Tyrone Drake, associate professor at ArtCenter College of Design, will co-lead the NEA funded initiative to help build trust between Long Beach police and residents (Photo – ©ArtCenter).
While the main campus of the ArtCenter College of Design sits atop a high hill in Pasadena, the ivory tower myth hardly applies, the latest demur to that canard is the planned partnership between the Art Center and City of Long Beach Police Department.
By Garrett Rowlan
The aim of the partnership is to aide the Department to facilitate communication between it and the community, with goals and transparency and accountability. The project is appropriately named “Building Bridges.”
Fueled by a grant from the National Endowment for the Arts (NEA) to the tune of thirty thousand dollars, the baby steps of the project will be a workshop, a meet and greet in May. The mixer is designed to build a smaller bridge between the department and the participants from ArtCenter. This is the first step in defining what issue the students and the Department want to tackle, a honing-in of purpose.

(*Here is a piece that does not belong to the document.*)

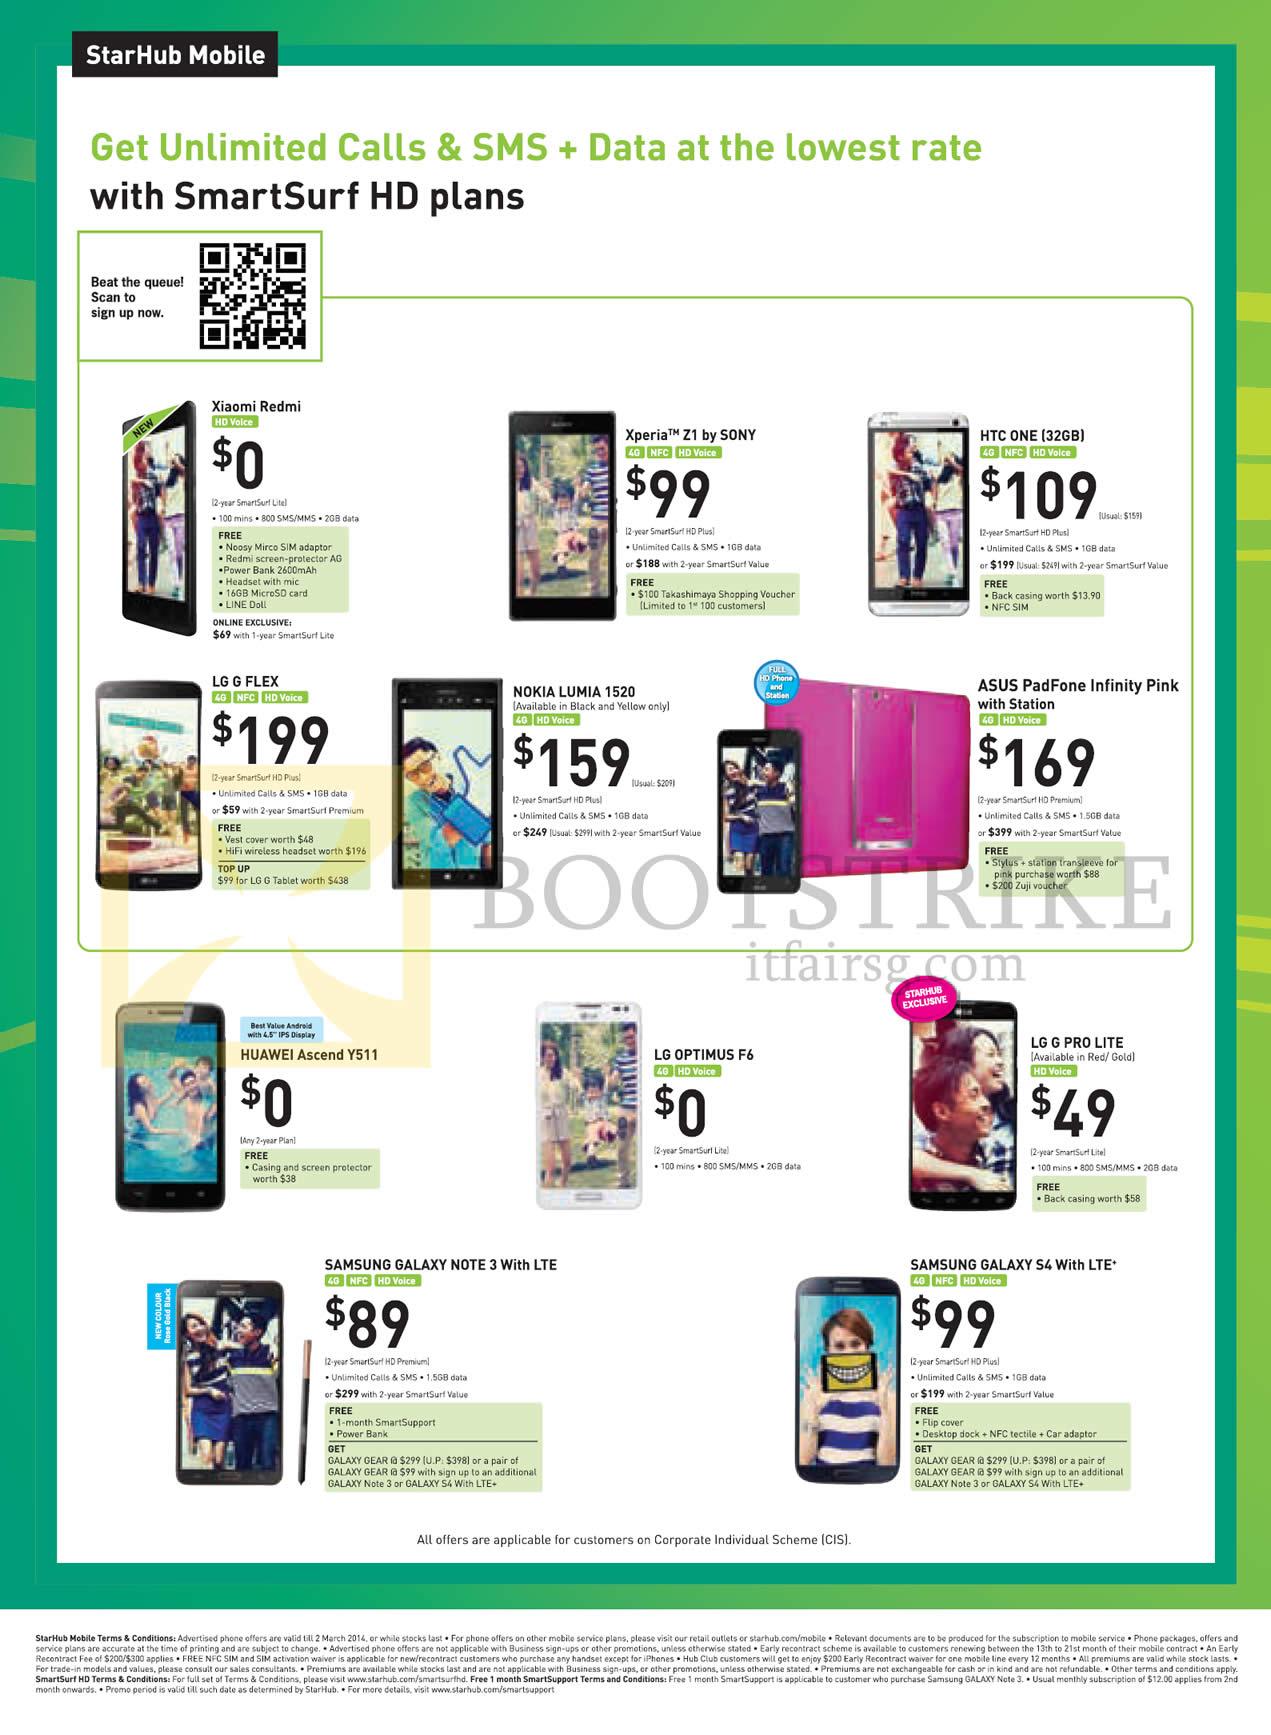 Mobile Xiaomi Redmi Sony Xperia Z1 Htc One Lg G Flex Nokia Lumia Voucher 3 1gb 1520 Asus Padfone Infinity Huawei Ascend Y511 Optimus F6 Pro Lite Samsung Galaxy Note S4

Jennifer May, director of the College’s Designmatters dept., will help co-lead the project (Photo – ©ArtCenter).
Another step will occur between September and December. A 14-week studio class, taught by Tyrone Drake, Design Faculty Member, will bring together 12 t o 16 students from many disciplines. Out of this synergy, and the inevitable and welcome “blue sky thinking” of the students, all sorts of possible innovations are envisioned: apps, signage, video for various media-insertion projects, and the amorphous “social media,” all designed to foster communication.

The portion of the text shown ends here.